Sermons

Summary: The church is described as a body in the New Testament. Each member of the body must serve its function so that the body is healthy.

Series: I Am a Church Member

(based on and adapted from Thom Rainer’s book of the same name)

“I Will Be a Functioning Church Member”

1 Corinthians 12:12-31

Open

Today, we start doing something new that will last for six weeks. We are beginning a a book study together as a congregation. We are reading, considering, and discussing the information in I Am a Church Member by Thom Rainer. I hope everyone who got a copy last Sunday read the Introduction and Chapter One this week. If you belong to one of our adult Sunday school classes, you most likely went through the discussion questions at the end of Chapter One this morning. If you didn’t get one, we ordered more copies and they’re sitting on the table just in front of the sound booth.

Rainer has been a pastor and a seminary professor. He also led a group of people who researched congregational lifestyles. Rainer currently serves as President and CEO of Lifeway Christian Resources. He has written 24 books; the bulk of which deal with the study of local congregations and the principle of church health.

Some of you are probably wondering why we are doing this study and why we are using the material by Rainer. The short answer to the first part of that question is that I have found book studies like this one bring a unique focus to the topic at hand and unites the congregation in weekly study and discussion.

The answer to the second part of the question is that I chose this particular book because it is short – an introduction and six chapters that are only 10-12 pages long for a total of 79 pages. I chose it because it is simple – the themes in each chapter are easily understood. I also chose it because the principles in the book are practical – the principles are effective when put into practice.

Why do we need to do such a study? We need to do this study because the idea of church membership has become misunderstood. There are a lot of folks in our society that have wrong conceptions about church membership. Another reason is that there are more and more people who believe that membership in a local congregation is unnecessary.

On the whole, church membership has declined. Research on 557 congregations from 2004-2010 have shown that 9 out of 10 churches in America are declining or growing at a slower pace than that of their communities. The rate of growth of the population of the local community is much larger than the rate of growth for most churches.

One of our main problems is that we are failing to connect with a large segment of our population. It seems we have become generationally irrelevant.

Sociologists arrange the generations into groups with specific traits. The Builder generation is comprised of those people who were born before 1946. Following the Builders are the Boomers who were born between 1946 and 1963. After the Boomers come the Gen Xers who were born between 1964 and 1980. The next group is dubbed the Millennials. They were born between 1980-2000. They are the most populated generation grouping with around 80 million members. In comparison, 2/3rds (66%) of the Builder generation (born pre-1946) are Christians. But only 15% of the Millennial generation are Christians. That means that we have all but lost the generation of people between the ages of 15-35.

We can blame the problem on multiple causes.
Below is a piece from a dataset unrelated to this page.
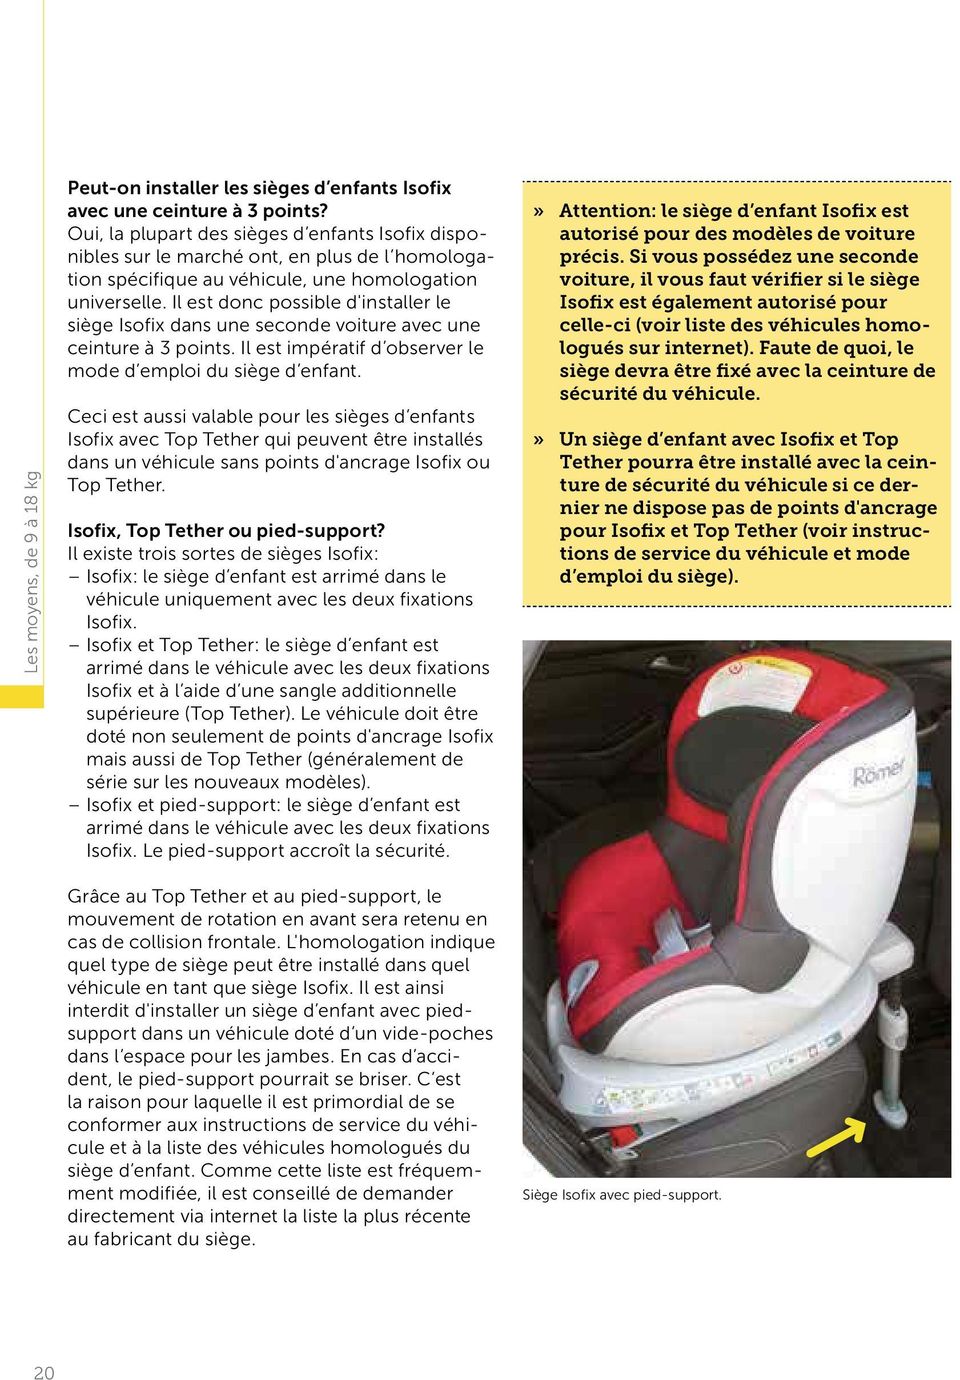 Il est donc possible d'installer le siège Isofix dans une seconde voiture avec une ceinture à 3 points. Il est impératif d observer le mode d emploi du siège d enfant.

We can blame it on our culture (and we often do). We can blame it on the godless politics of our government (and we do that as well). We can even blame it on the churches, both the hypocritical Christians and the lack of strong spiritual leadership at the congregational ;eve;. There are lots of Christians who are doing that, too.

Rainer gives this analysis of the situation: “If outside forces and culture were the reasons behind declining and non-influential churches, we would likely have no churches today,” Rainer says. "The greatest periods of growth, particularly the first-century growth, took place in adversarial cultures. We are not hindered by external forces; we are hindered by our own lack of commitment and selflessness.”

We do need to look in the mirror. One reason that we have become weak and irrelevant is that we have lost the biblical understanding of church membership. Rainer says, “We join our churches expecting them to serve us, to feed us, and to care for us. We don’t like the hypocrites in the church, but we fail to see our own hypocrisies.”

In a summary of the issues we’ll be addressing over the next several weeks, Rainer says that God has intended the church for us “to serve, to care for others, to pray for leaders, to learn, to teach, to give, and in some cases, to die for the sake of the gospel.” We have become ineffective because we have turned the meaning of membership upside down.